Outline Link to heading

  1. Introduction
  2. General Terms
  3. Indigenous Stewardship

Introduction Link to heading

As an Undergraduate Data Science Intern at DSE and a member of the Indigenous Environmental Stewardship team, I have learned extensively about the role and potential of technology, particularly data, in transforming environmental efforts. The growth of AI and machine learning presents numerous opportunities for improving efficiency and optimization of workflow, allowing for greater human efforts to be placed in developing and designing solutions rather than in repetitive and tedious data cleaning or classification. AI can also improve ways to monitor biodiversity, predict changes in ecosystems, and allocate resources for sustainable efforts due to its capability in comparing Big Data efficiently.

However, as society grows more technologically dependent, there is greater concern over the protection and privacy of data. It has become increasingly difficult for census data to be accurately provided to the public without risking the security that anonymity is meant to provide from hackers and cyber threats. In addition, inappropriate use of AI has fostered colonialism over data, with many case studies involving Indigenous communities. To work with data means to be ethically aware of the impacts of collaboration, transparent and shared data, and the inclusion of marginalized communities in environmental stewardship through data.

This blog is meant to share vocabulary that I have learned over the course of my involvement in the field, and I will continue to add to this list as I learn more. Many of these terms are commonly used but rarely properly defined (also because some definitions can vary according to the scope of the topic). My goal is to provide fundamental knowledge of terminology related to data sovereignty to help interested audiences better understand the significance of ethical work with data. The following definitions are based off of my own understanding, so please note that they may not fully apply to every scenario. I am always open to learning and discussing more, so please feel free to reach out to me with your own thoughts and resources!

General Terms Link to heading

AI Alignment: ensuring that AI is being used for the user’s intended goals and purposes (human values). This is important for AI ethics and ensuring that AI is being used in a safe and reliable manner.

  • AI Misalignment: when AI usage is not reflecting the user’s intentions. Some examples are AI disposing important data, drawing inaccurate predictions, or giving biased responses.

Big Data: large, diverse, and complex data. Think about card scanners at metro stations or social media algorithms. Big data is typically defined by the 3 V’s:

  • Volume: the amount of data
  • Velocity: the speed of receiving and processing data
  • Variety: the different types of data

Data Ethics: moral obligations when collecting, using, or sharing data.

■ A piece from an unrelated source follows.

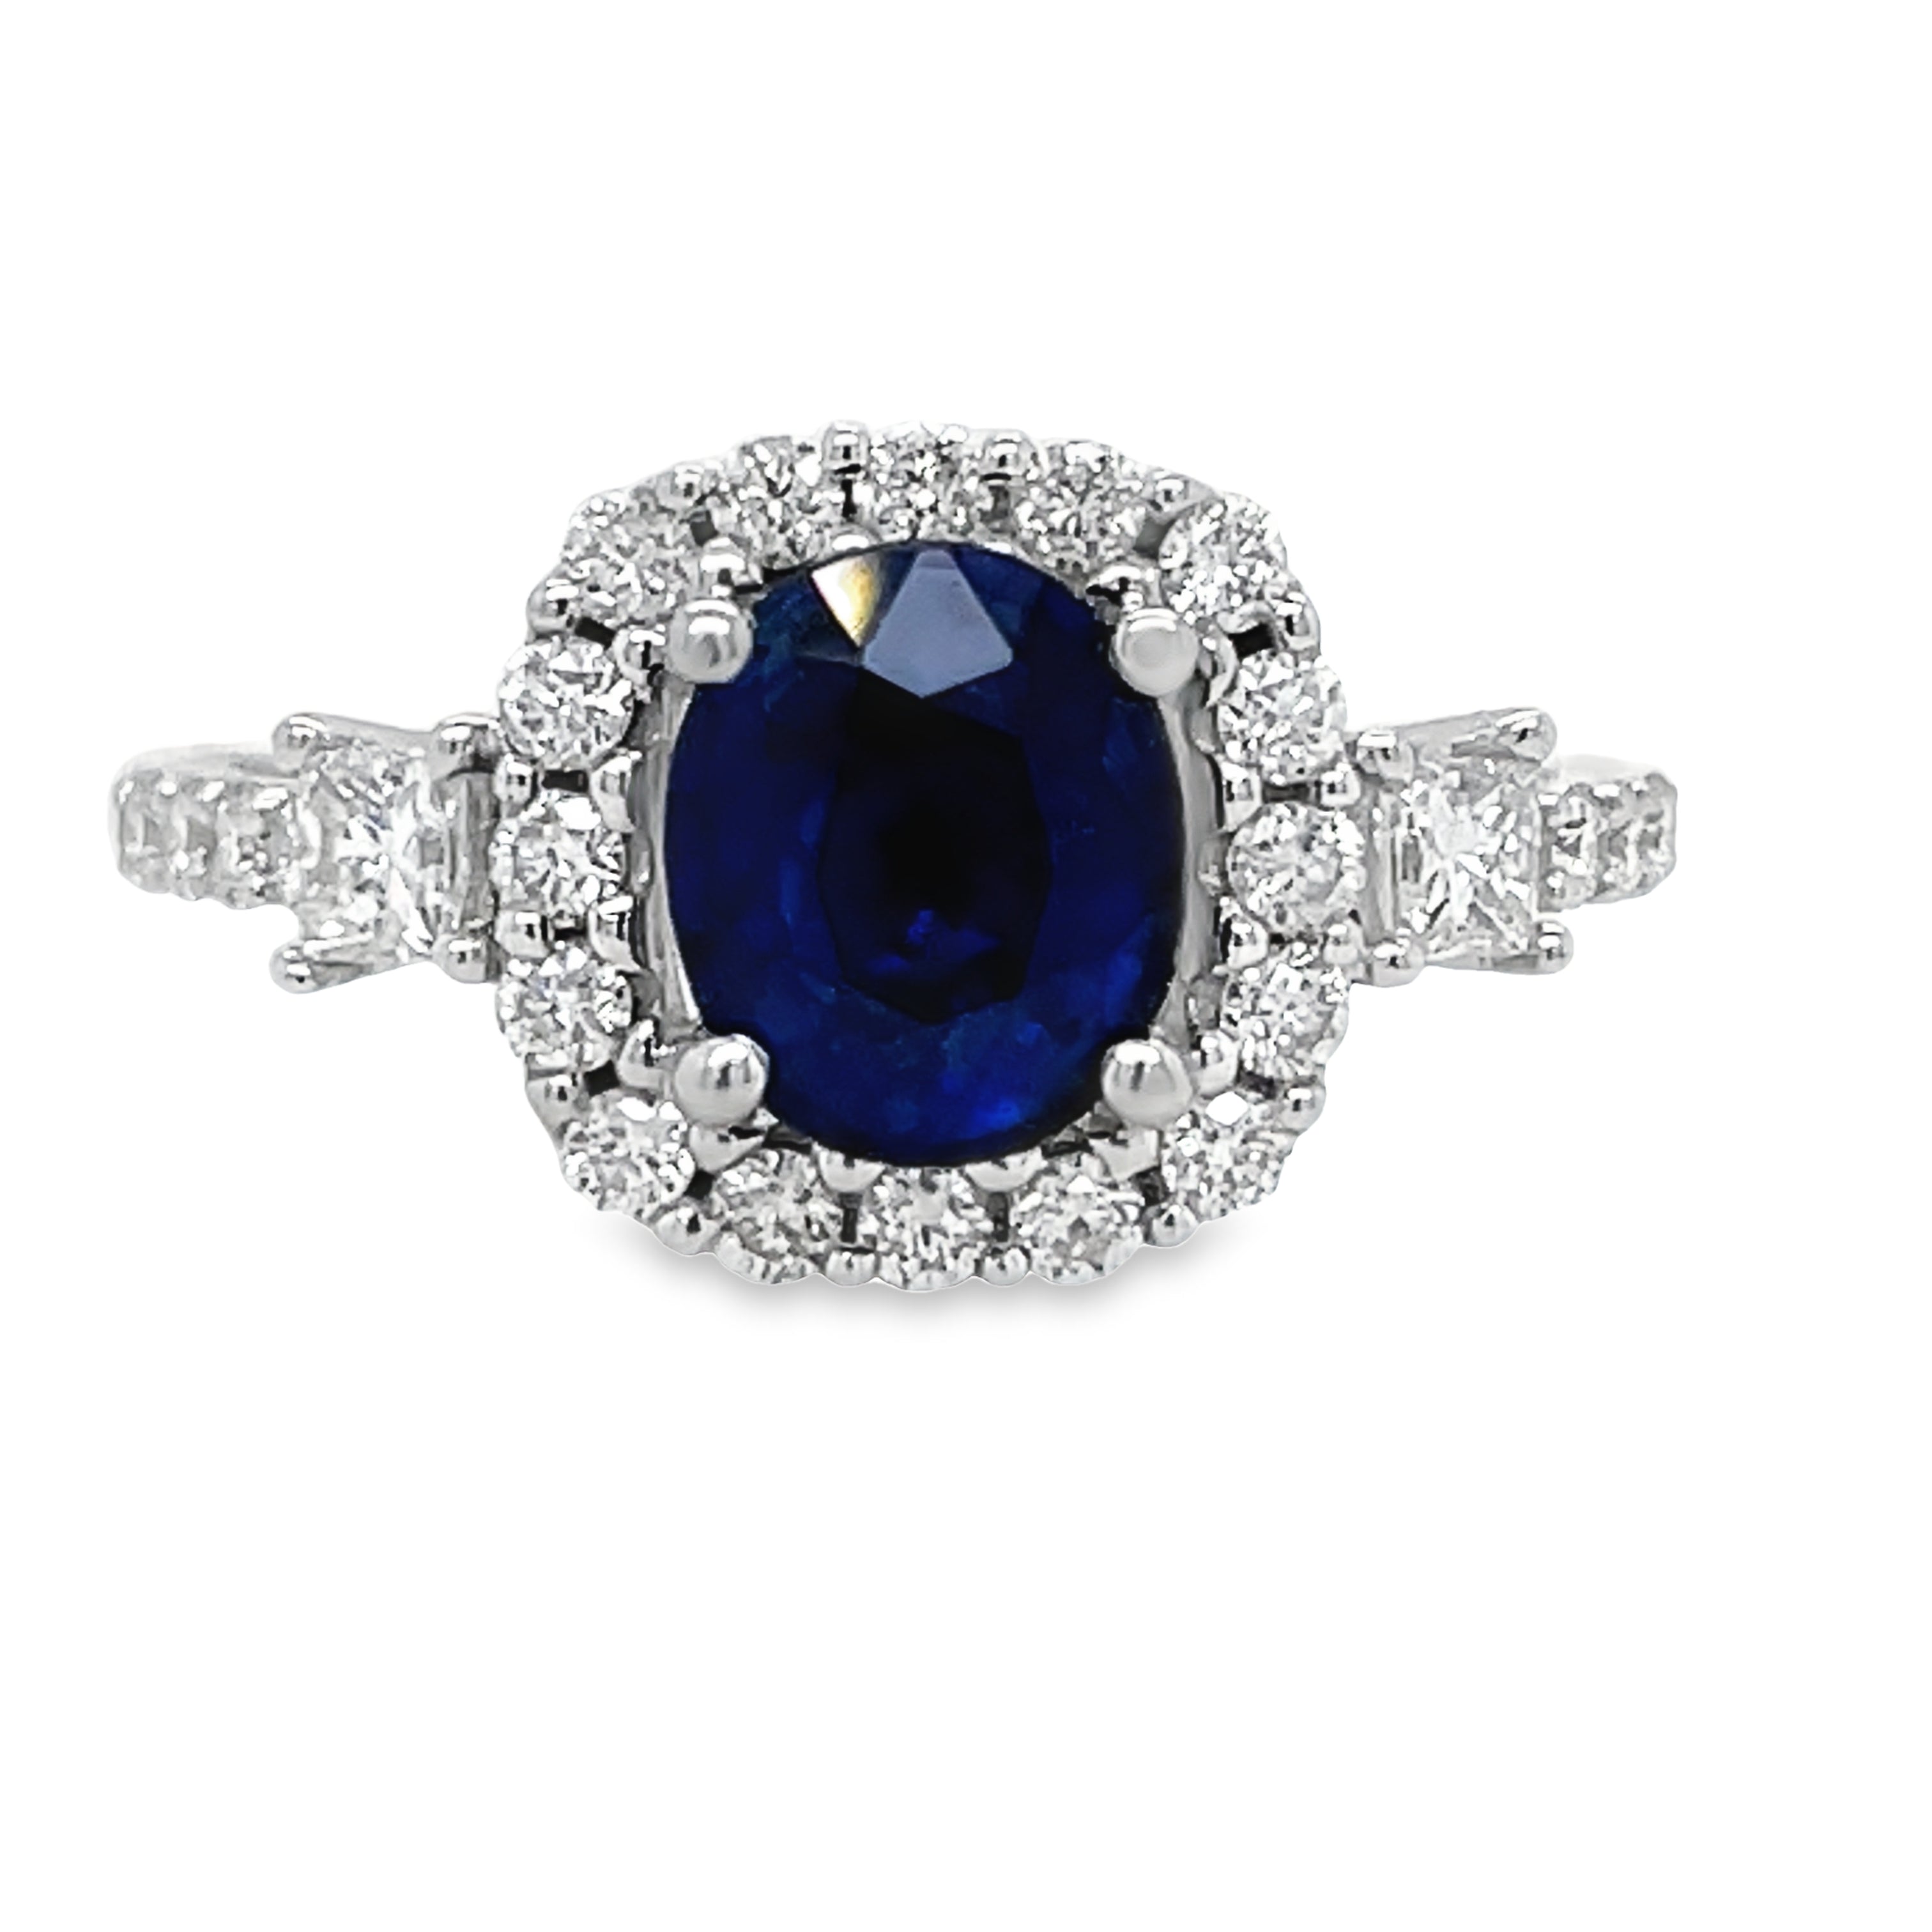 Experience luxury and elegance with our Oval Sapphire Diamond Bezel Ring. Featuring a stunning oval sapphire surrounded by princess cut and round diamonds totaling 0.59 cts, all set in a beautiful diamond bezel on an 18k white gold band. Make a statement that exudes sophistication and style.

Some examples questions that may be asked are:

  • Are people’s personal information anonymous if this data is released to the public?
  • Do we have permission to use this data?
  • Which communities might be impacted by the use of this data?

Data Localization: storing and using data within the geographical boundaries of where it is originally from.

Data Sovereignty: in simple terms, an individual’s or group’s right to have full control over their own data; this involves collecting, maintaining, protecting, interpreting, and sharing of the data. This term is especially key in understanding Indigenous Rights.

Indigenous Stewardship Link to heading

CARE Principles: defined in 2020 for Indigenous Data Governance.

  • Collective Benefit: data facilitates equitable benefit, innovation, and inclusion.
  • Authority to Control: Indigenous communities have full control over their data and are empowered.
  • Responsibility: data should support and respect Indigenous data.
  • Ethics: prioritize Indigenous rights and well being in all stages when using data.

Data Decolonization: the process of removing Western ideas and influences in data practices, particularly for Indigenous communities to have full ownership and control over their own data. It is important to acknowledge and understand historical influences of colonialism in order to determine the best practices for decolonization.

FAIR Principles: defined in 2016 in Scientific Data.

  • Findable: data is uniquely and persistently identifiable.
  • Accesible: can be obtained by machines and humans.
  • Interoperable: ability for data to be used by different systems while producing the same results.
  • Reusable: data is useful for other potential users (with correct permissions and licensing).

Indigenous Sovereignty: the right of Indigenous communities to manage their own affairs, and for any decision involving Indigenous data to be made with their participation and consent.

Landback: the movement by Indigenous people to reclaim their ancestral lands.

Traditional Ecological Knowledge (TEK): knowledge and practices about sustainability, environmentalism, restoration, kinship, and the connection between humans and nature that have been passed down for generations by Indigenous communities.

  • Also known as Indigenous Local Knowledge (ILK) and Indigenous Traditional Knowledge (ITK).